I got dumped by a friend. Or a former friend, really. “You’re too busy,” she told me. “You have lot going on.”
Yes, that’s true. It’s my preference. I know not to get bored. Years ago, not knowing this about myself and thoroughly bored with my career, I signed up for skydiving. In the air, my feet dangled 3,000 feet above the ground, I gripped the plane’s strut and read the bumper sticker that someone wickedly put there: “Sh*t happens.” Now I prefer to take my risks on the ground.

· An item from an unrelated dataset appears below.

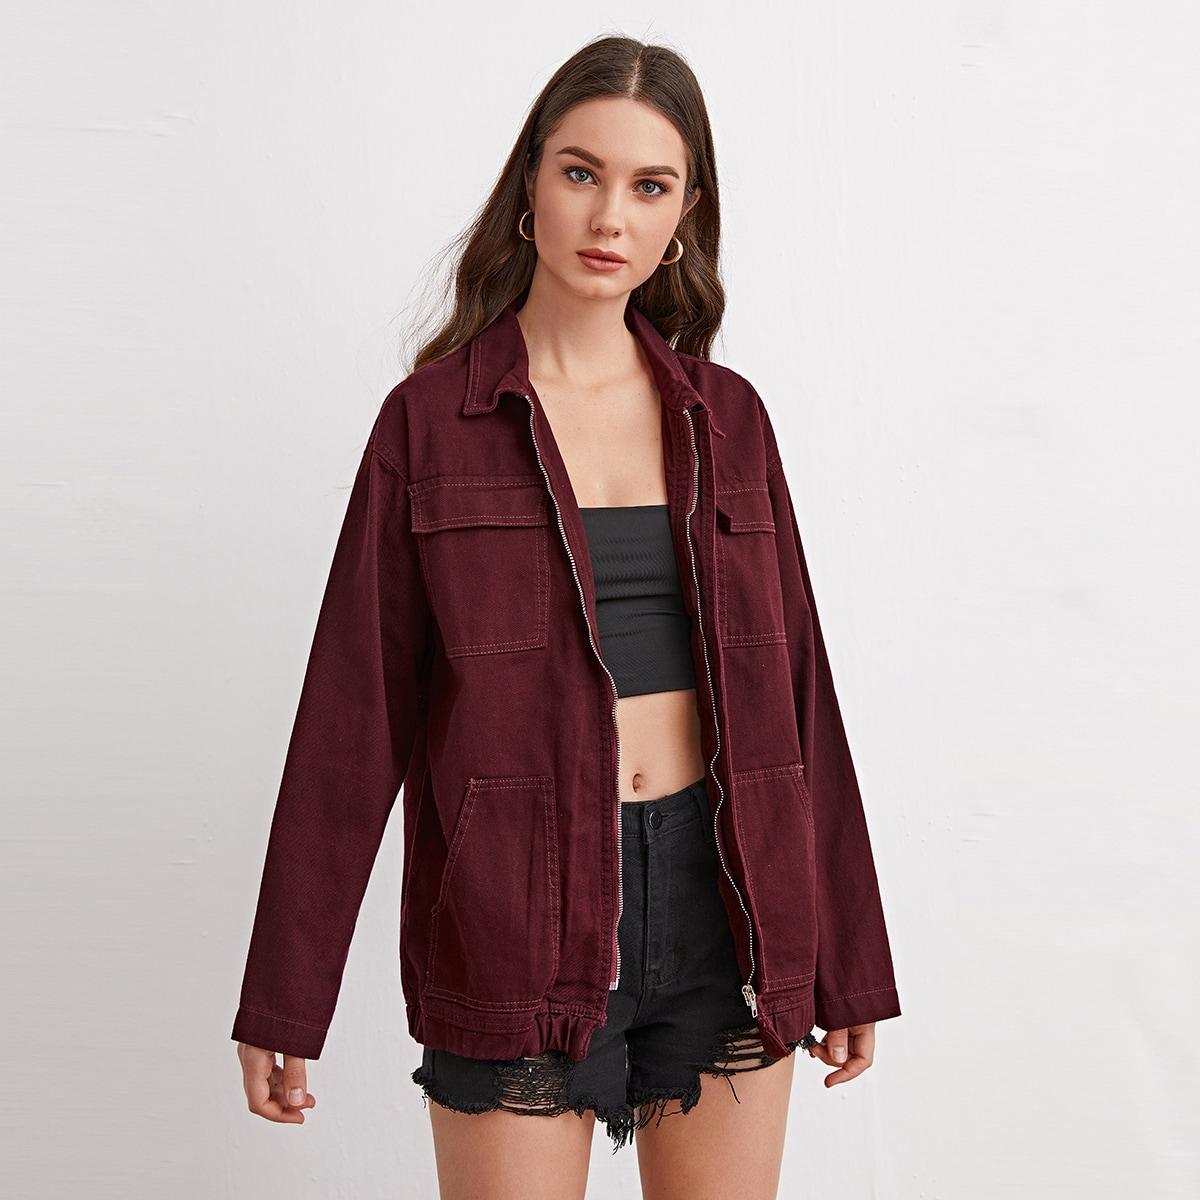 Джинсовая куртка с заниженными карманами на плечах

What I look for in a friendship is something similar to the one between Elizabeth Cady Stanton and Susan B. Anthony. They worked together for 51 years, through wins and defeats, fighting for women’s rights. The first time they met, wrote Stanton, “There she stood with her good, earnest face and genial smile….I liked her thoroughly.” Anthony would babysit Stanton’s children while Stanton worked on her speeches, no small matter since Stanton had seven offspring. And in the end, reflected Antony, “It is fifty-one years since we first met, and we have been busy through every one of them.”
That’s a solid friendship. That’s the kind I like. Yes, I may not return emails in an instant, but I will respond. And if you need someone in the middle of the night, I’ll come running to help.
When I reflect on the whole experience now, I see that the phrase “we get what we look for” is true here. She didn’t have a lot of friends, and she didn’t want a friend, no matter what I did.
What I want is a friendship that endures, through good times and bad. If we get what we’re looking for, well, then I’ll keep looking.